# The death of our constitution



## Plainsman (Jul 30, 2003)

This is as much the fault of Republicans as Democrats because none of them have the nerve to stop Obama. They would all give up American and it's freedom because they fear being called a racist more than they fear socialism or full fledged Marxist communism. The majority of them can not call themselves true patriots. Only Ted Cruz, Rand Paul and a handful can.



> Members of Congress and constitutional law experts testified before the House Judiciary Committee on Wednesday, warning that the legislative branch is in danger of ceding its power in the face of an "imperial presidency."
> 
> The hearing, "Enforcing the President's Constitutional Duty to Faithfully Execute the Laws," focused on the multiple areas President Barack Obama has bypassed Congress, ranging from healthcare and immigration to marriage and welfare rules.
> 
> Jonathan Turley, Shapiro Professor of Public Interest Law at George Washington University, testified that the expansion of executive power is happening so fast that America is at a "constitutional tipping point."

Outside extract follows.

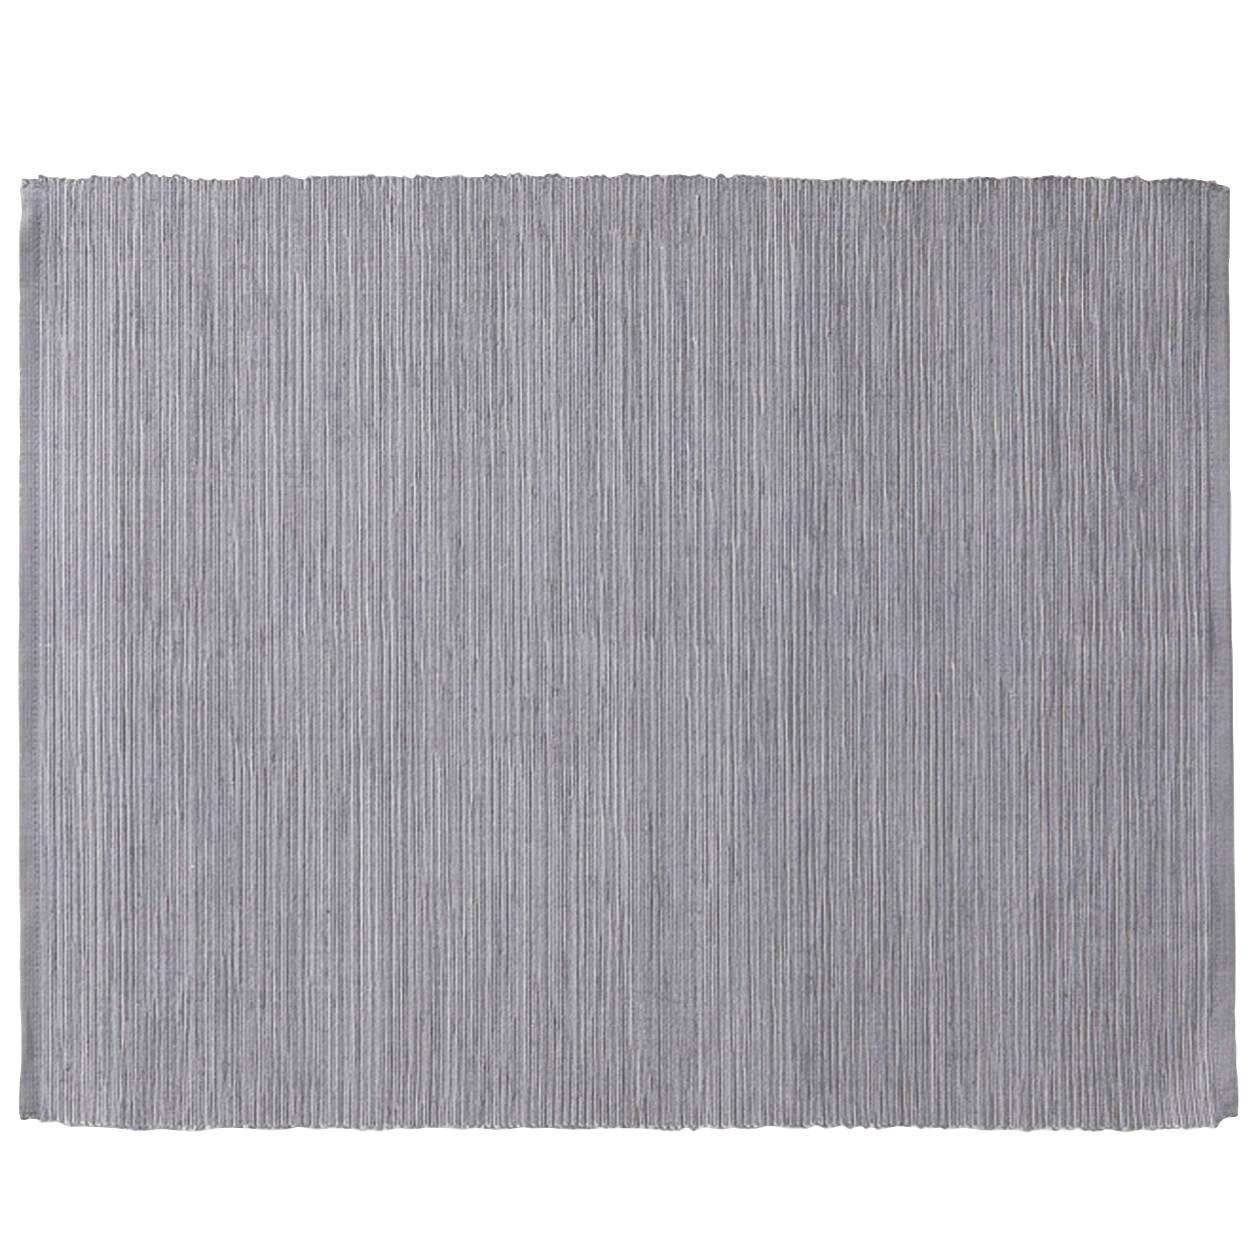 インド綿手織ランチョンマット/ライトブラウン グレー

For the full story: http://freebeacon.com/the-imperial-presidency/


----------



## blhunter3 (May 5, 2007)

Does congress really want a revolution? Seems to me they are testing the waters to see what will happen.


----------



## shaug (Mar 28, 2011)

Plainsman,

You throw around words like conservative and marxist and liberal and socialist, but you really don't understand much. If you want to stop Obama I suggest you first stop supporting the people/orgs getting him elected.

http://www.lobowatch.org/adminclient/WolfPolitics3/go

If you are not part of the solution then you are part of the problem.

A talking head not saying anything.

Would you like to discuss Land Tawney, Dave Dittloff, Tom France from the National Wildlife Federation and their forays into North Dakota?


----------



## Plainsman (Jul 30, 2003)

> Would you like to discuss


Not when it hijacks a thread.

Shaug you don't want a discussion, you never do. You simply want to get in the mud again. Your post really isn't that political, it belongs in the hot topics. Go there and see if anyone wants to play with you.

I'll see if there is a way to move a single post for you. This one is sidelining the discussion for your pet subjects.

You and I are already talking about this on another site. If you want it on this site take it to the proper form.


----------